» **WORK ORDER**
Transcribe every line below exactly; no image goes into the output.

» **INFORMATION SUPPLIED**

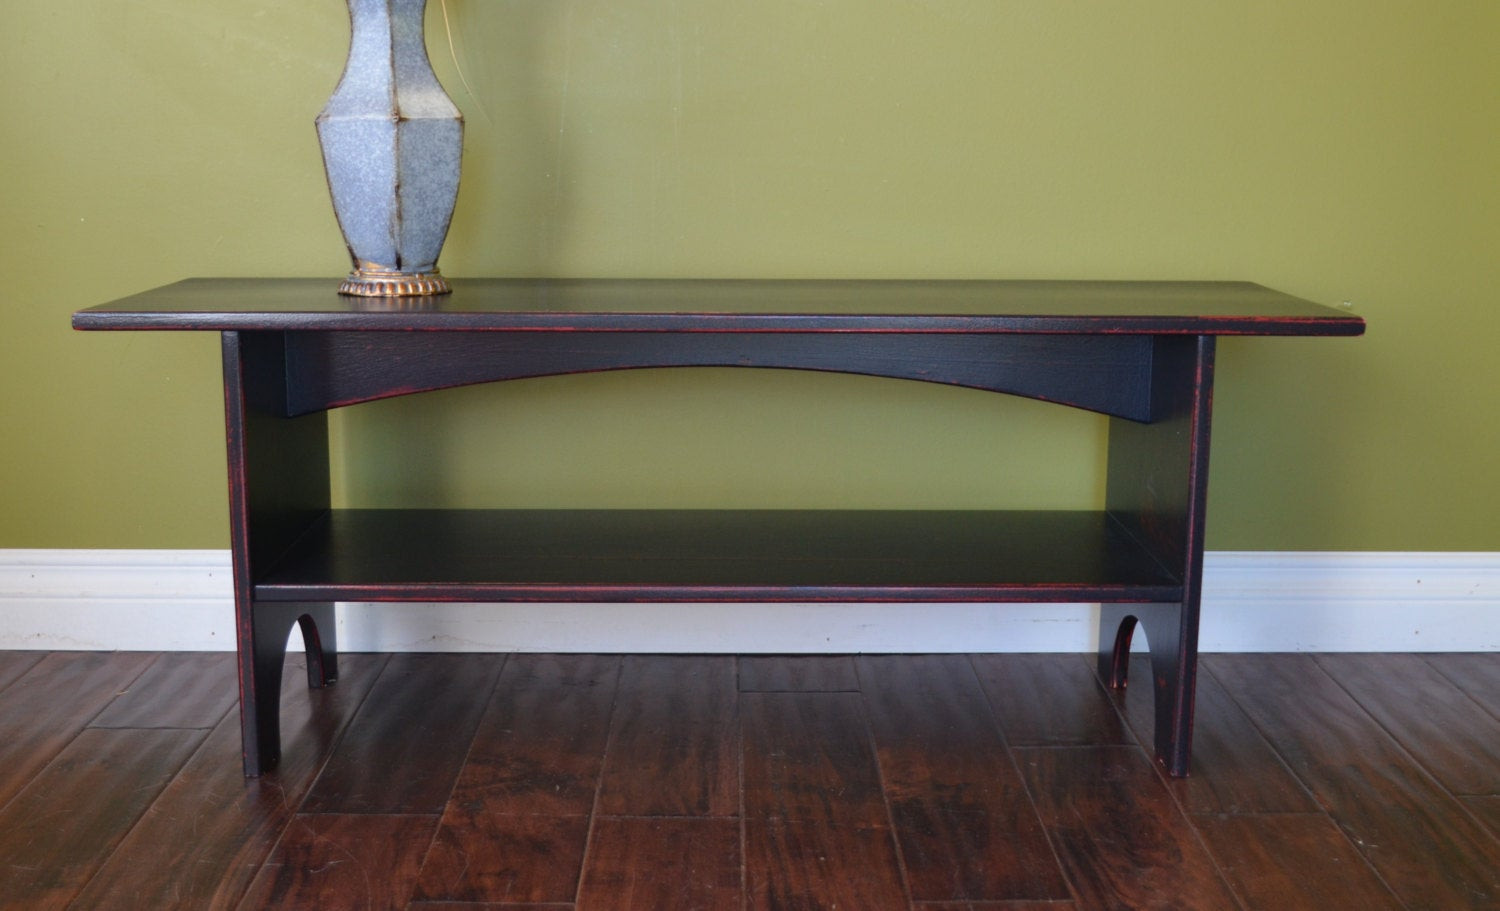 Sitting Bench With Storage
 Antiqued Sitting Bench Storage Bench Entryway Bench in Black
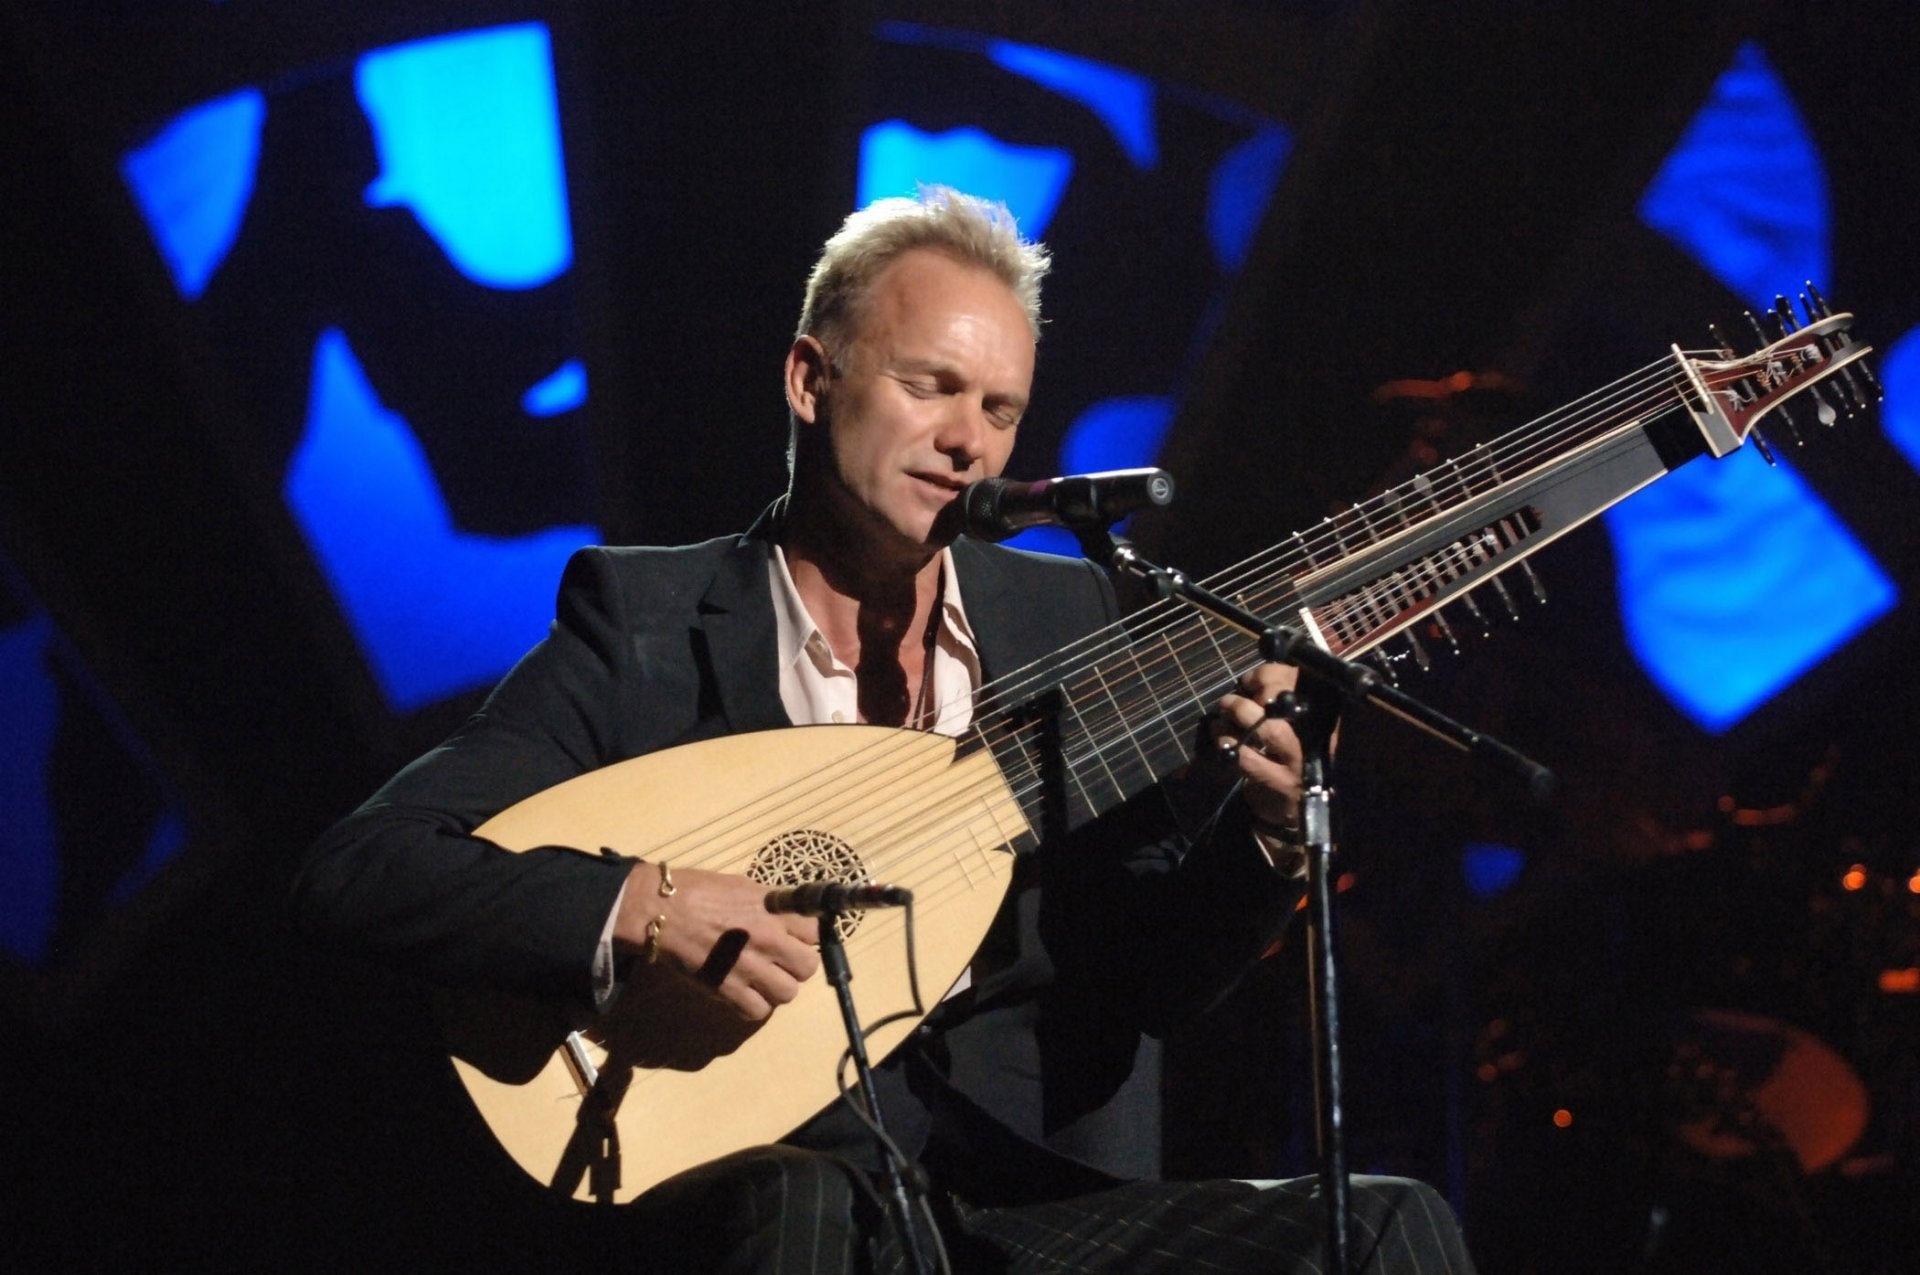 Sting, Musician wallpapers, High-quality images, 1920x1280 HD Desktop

» **RESULT FOR THIS EXERCISE**
 Sitting Bench With Storage
 Antiqued Sitting Bench Storage Bench Entryway Bench in Black
 Sting, Musician wallpapers, High-quality images, 1920x1280 HD Desktop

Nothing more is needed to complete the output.